# S.T.A.L.K.E.R.: Shadow of Chernobyl



## TheCanadian1 (Sep 14, 2009)

What's this game about?

Is it really one of the scariest games out there?


----------



## Wirt (Jan 16, 2009)

there's parts that are scary, but that's not really a main driving point of the game

the setting, though, is amazing in an eerie way with everything being broken down, little pockets of people with someone playing guitar around a camp fire.

two things to expect before getting the game 1) there is a lot of running around. it's a pretty big, open world game with no vehicles. 2) The aiming is horrible for the first bit of the game till you get better guns

I loved stalker though. Started the 2nd game but stopped playing it since there's so many games out


----------



## Some Russian Guy (Mar 20, 2009)

It's a sci-fi game about chernobyl disaster and it's aftermath...
You know, radiation, mutants and stuff...


----------



## zookeeper (Jun 3, 2009)

I don't know if I'd call it scary in the same sense as a horror game. But it does have some of the best atmosphere I've ever experienced in a game. It was so oppressive and depressing that I didn't even want to keep playing (if that makes any sense). Not because it was scary (though fumbling through a tunnel with just the headlamp, a few bullets, and hearing creatures scurrying about _was_ pretty terrifying), but because it felt like no matter how well I played nothing was going to get better. Unlike something like Fallout, where you're saving the world a little bit at a time.
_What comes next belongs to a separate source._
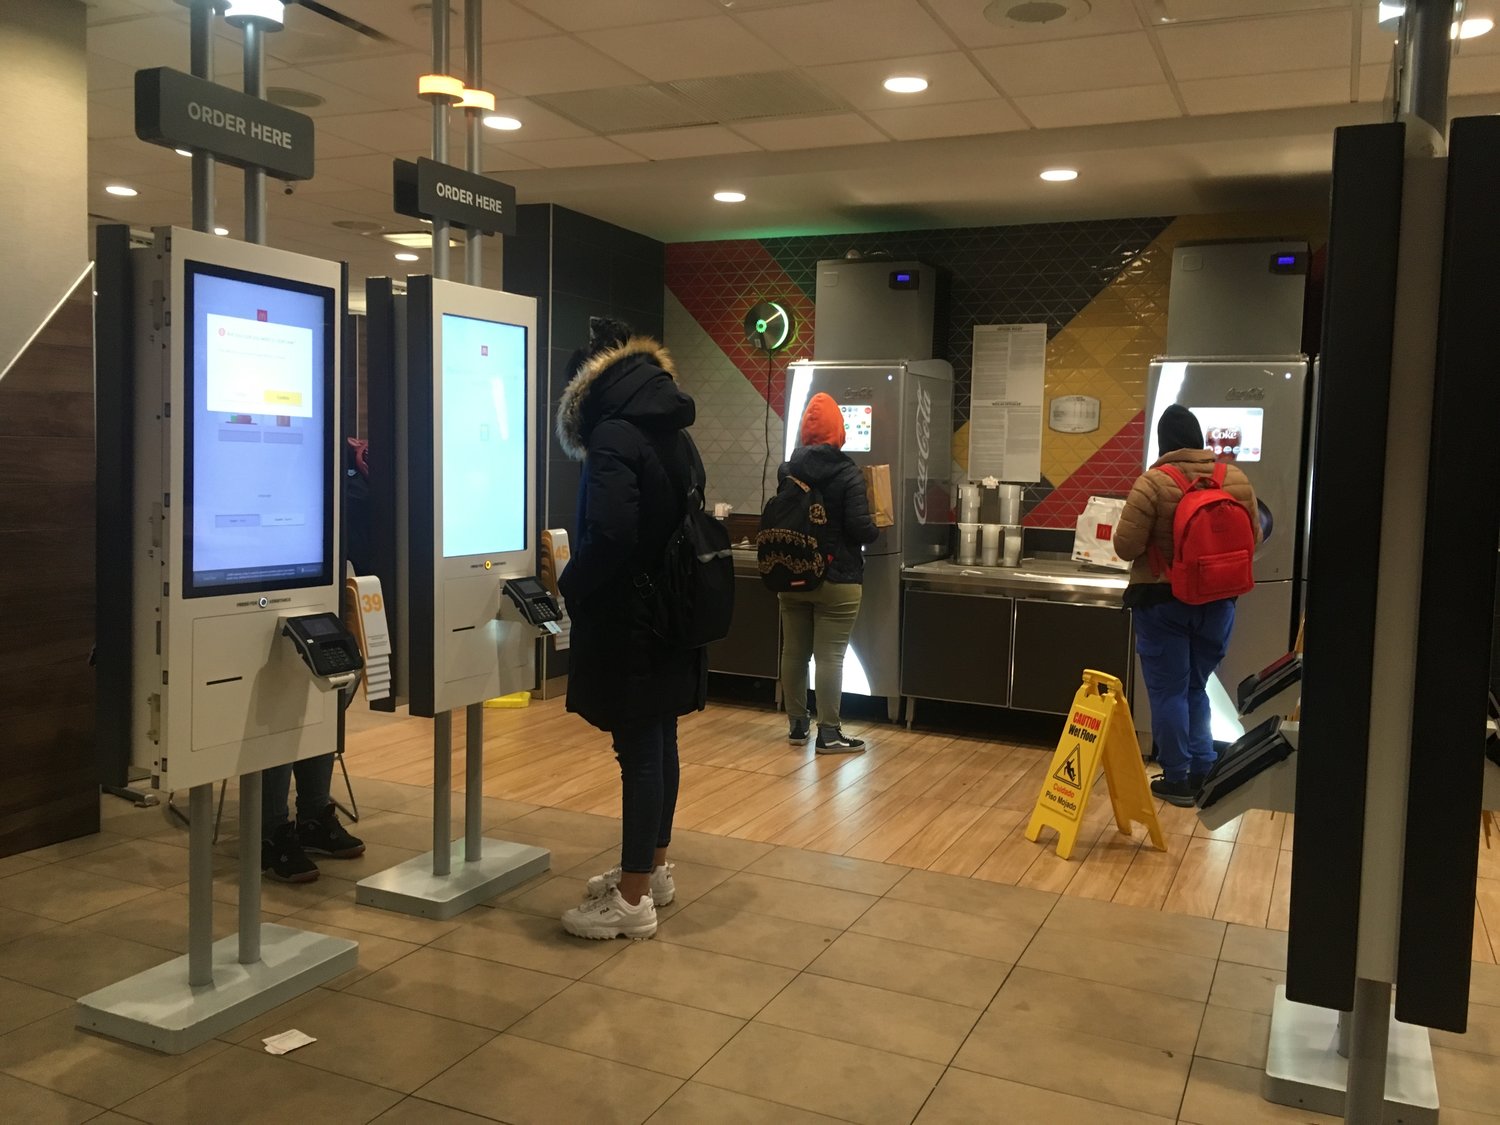 Self-serve kiosks, such as these at this McDonald’s on Chambers Street, are fast becoming features at fast-food restaurants. At a meeting of the City Council's Committee on Civil Service and Labor last week, advocates voiced concern that nearly half a million New York City jobs, the vast majority done by low-income employees, are highly susceptible to automation. They called on officials to set up more “bridge” programs to help those workers develop new skills.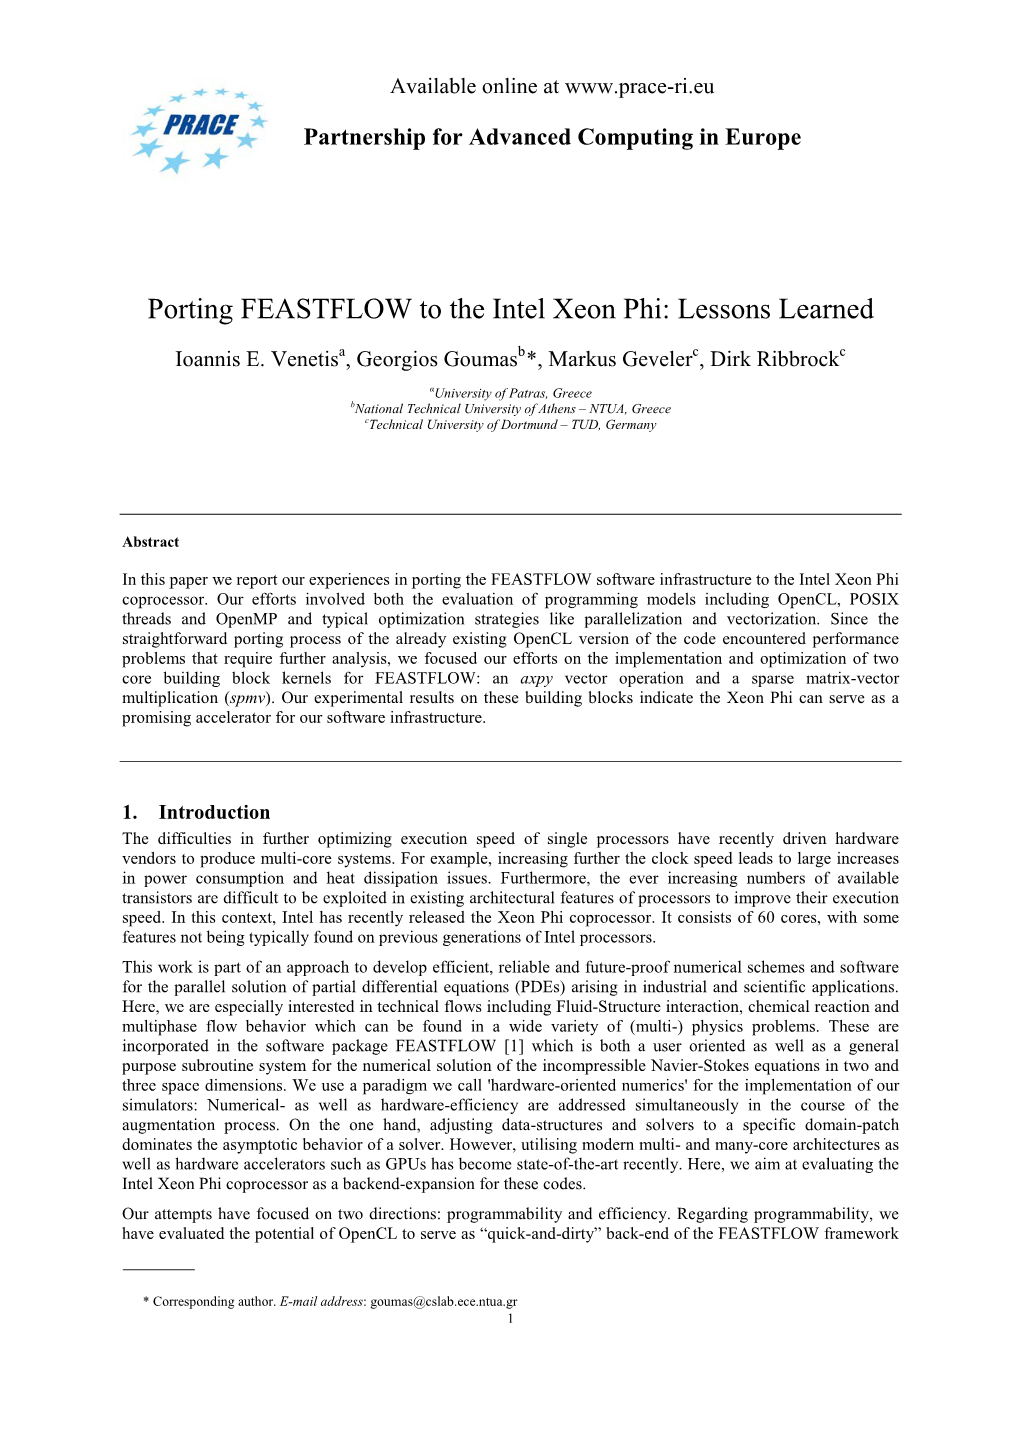 Porting FEASTFLOW to the Intel Xeon Phi: Lessons Learned

As a side note, there must be something about Russian games set in the post-nuclear holocaust. I picked up Metro 2033 on sale a few weeks ago and it comes close to Stalker for atmosphere (if nothing else).

P.S. - everyone should do themselves a favour and watch Tarkovsky's _Stalker_, that the game took some of its ideas from. It's 3 hours, it's in Russian, it's slow moving, it's a sci-fi movie with no special effects, and it's absolutely ****ing amazing. Trust me.


----------



## VagueResemblance (Apr 17, 2010)

zookeeper said:


> P.S. - everyone should do themselves a favour and watch Tarkovsky's _Stalker_, that the game took some of its ideas from. It's 3 hours, it's in Russian, it's slow moving, it's a sci-fi movie with no special effects, and it's absolutely ****ing amazing. Trust me.


This was based on the book Roadside Picnic, by Arkady and Borys Strugatsky. I was very disappointed in what things were changed between book and movie/game. The book is very worth reading, in my opinion, best sci-fi ever written.


----------



## VagueResemblance (Apr 17, 2010)

By the way Shadow of Chernobyl is only the first in the series. The second was ...Clear Sky? I THINK? and the third is Call of Pripyat.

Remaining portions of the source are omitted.